The first thought was to avoid the taxi-touts who clustered around anyone looking remotely like a tourist. My intention was to take a local ferry across the river and then walk the mile or so to the hotel and so a few sharp words were exchanged as my far-too-large rucksac and I tottered towards the station exit.

The appropriate ferry terminal was only half a mile from the station and I think I arrived there about 6am - anyway, it was long before the first ferry. I dozed in the entrance along with other waiting passengers. I recall thinking that if I kept my guidebook hidden I wouldn't look too much like a tourist. H'mm, what did I look like? I was wearing a ragged cheesecloth shirt, a lungi, a huge rucksac and bumbag and I had a cuddly pig strapped to my rucksac?

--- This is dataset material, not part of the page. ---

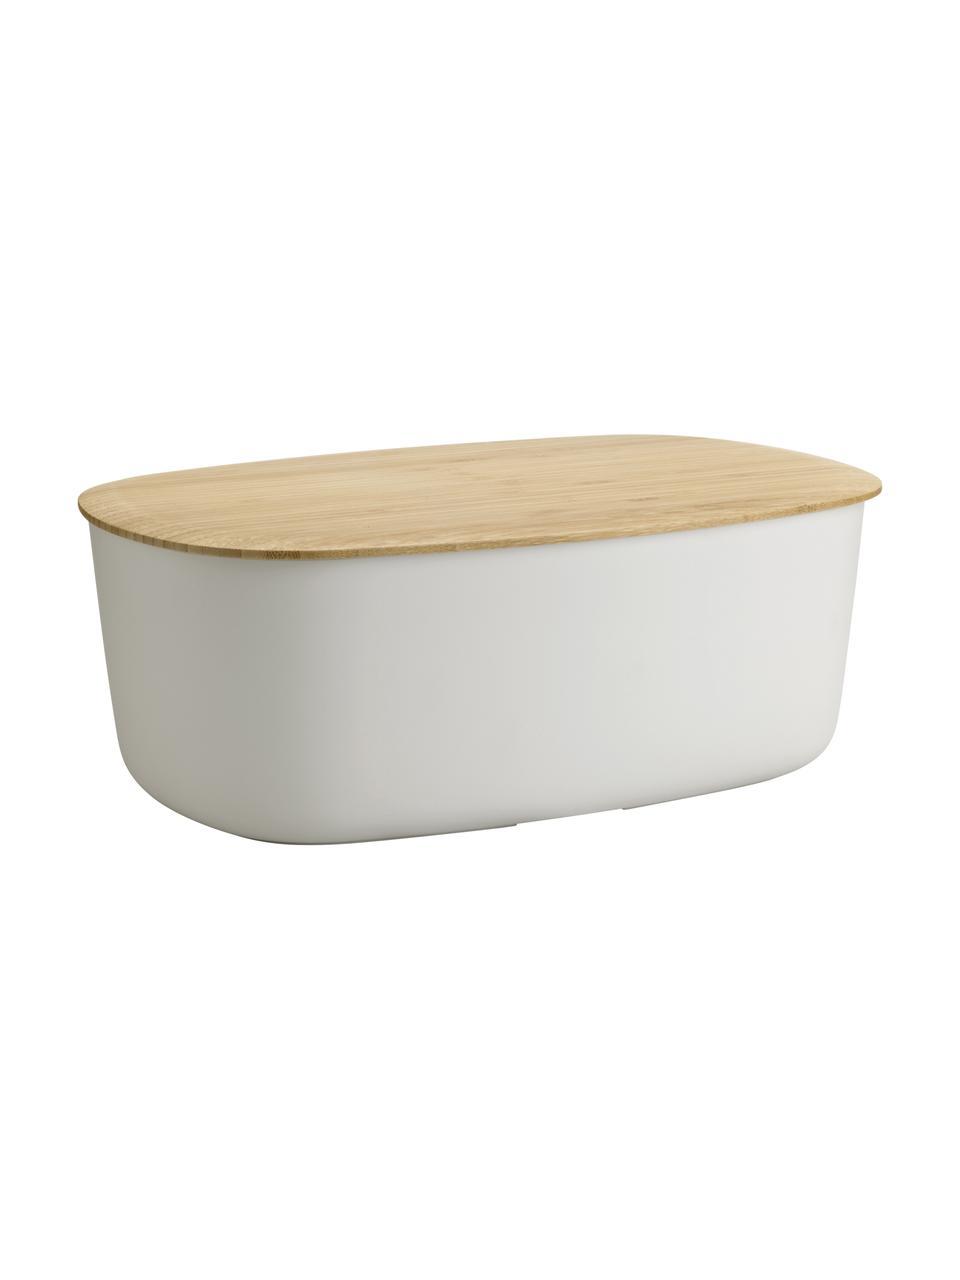 Portapane grigio chiaro di design con tagliere come coperchio Box-It, Coperchio: bambù, Grigio chiaro, Larg. 35 x Alt. 13 cm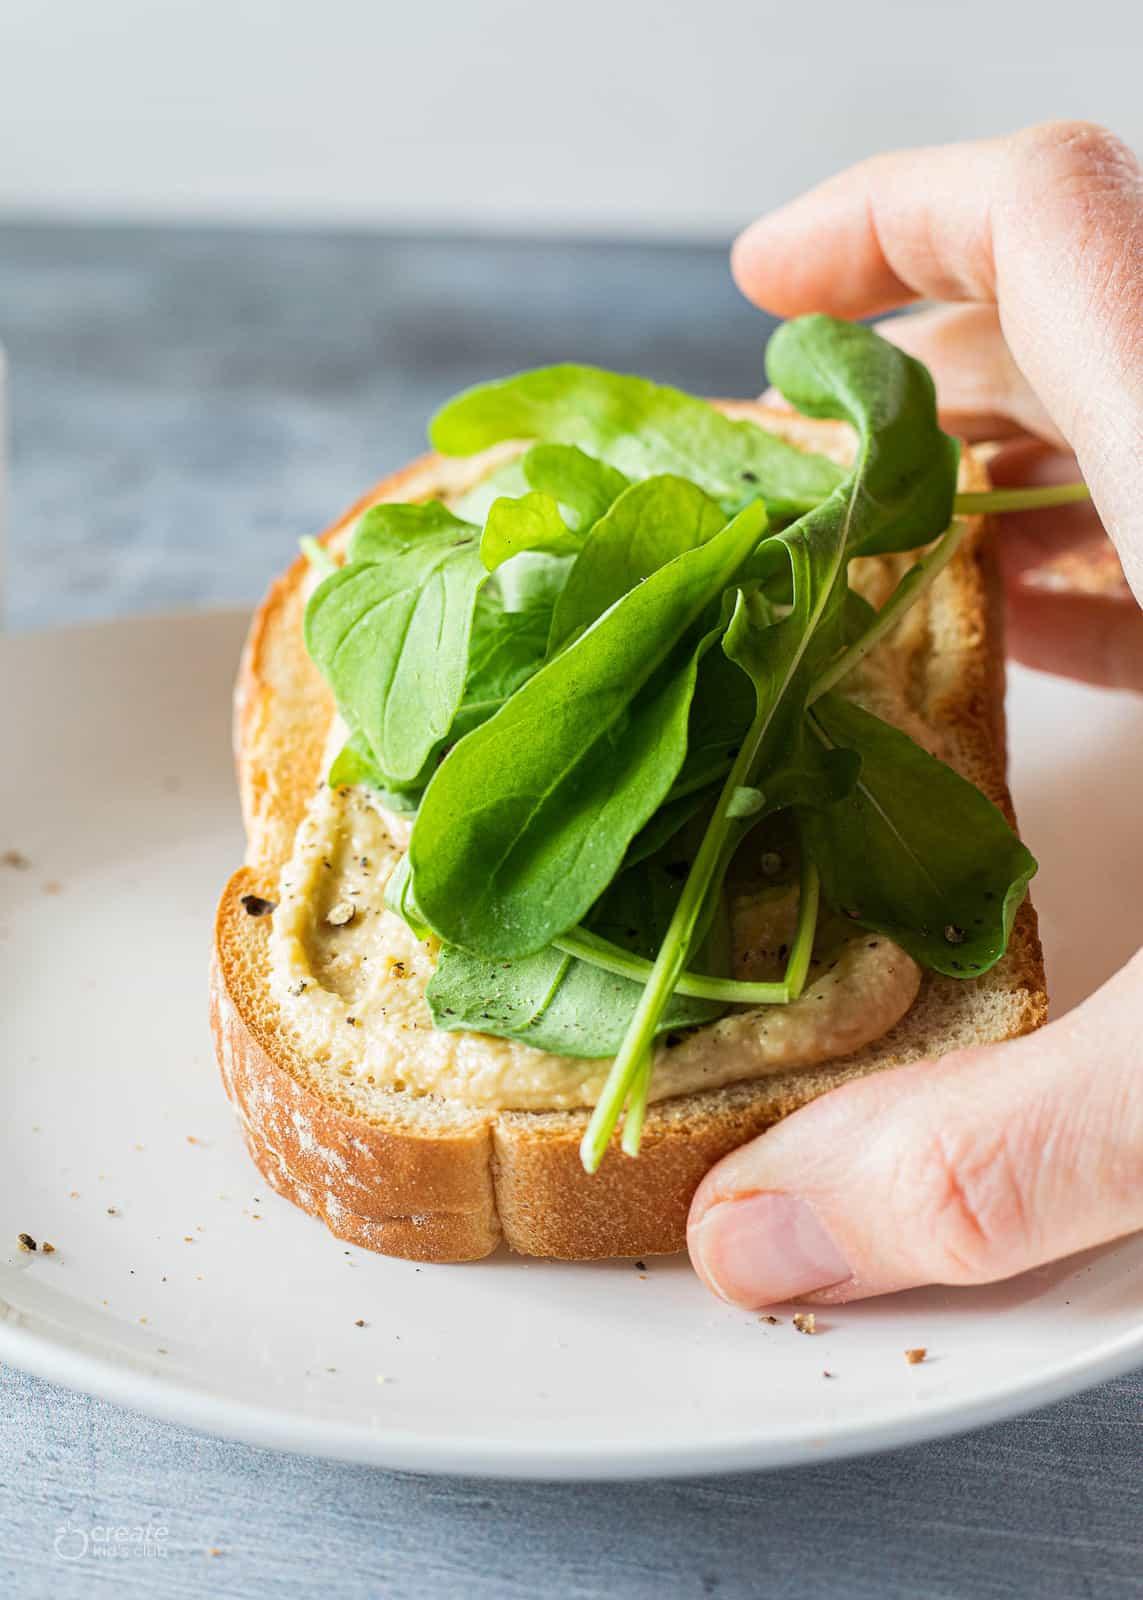 hummus and arugula on toast

Eventually the ferries started working and my fellow passengers and I glided across the river. I recall an hour or so of tramping through increasing heat through downtown Kolkatta, anxiously checking my map. I was tired and could feel my guts getting ready to shed their load. So the sight of the hotel was very welcome, even though the room I got was only just less barren than a UK police cell. I have to say that the staff were very friendly and helpful, especially later when I needed to make calls to doctors.

A shower, arranging clothes-washing and a couple of hours sleep worked wonders but I was still in guts-uproar order. I can't recall precisely the feeling or frequency of shitting but it must have been bad because I got desperate enough to cry when my first call to seek medical aid failed. I have to add that my guidebook firmly recommended using private hospitals because the government-run services in Kolkatta were very poor.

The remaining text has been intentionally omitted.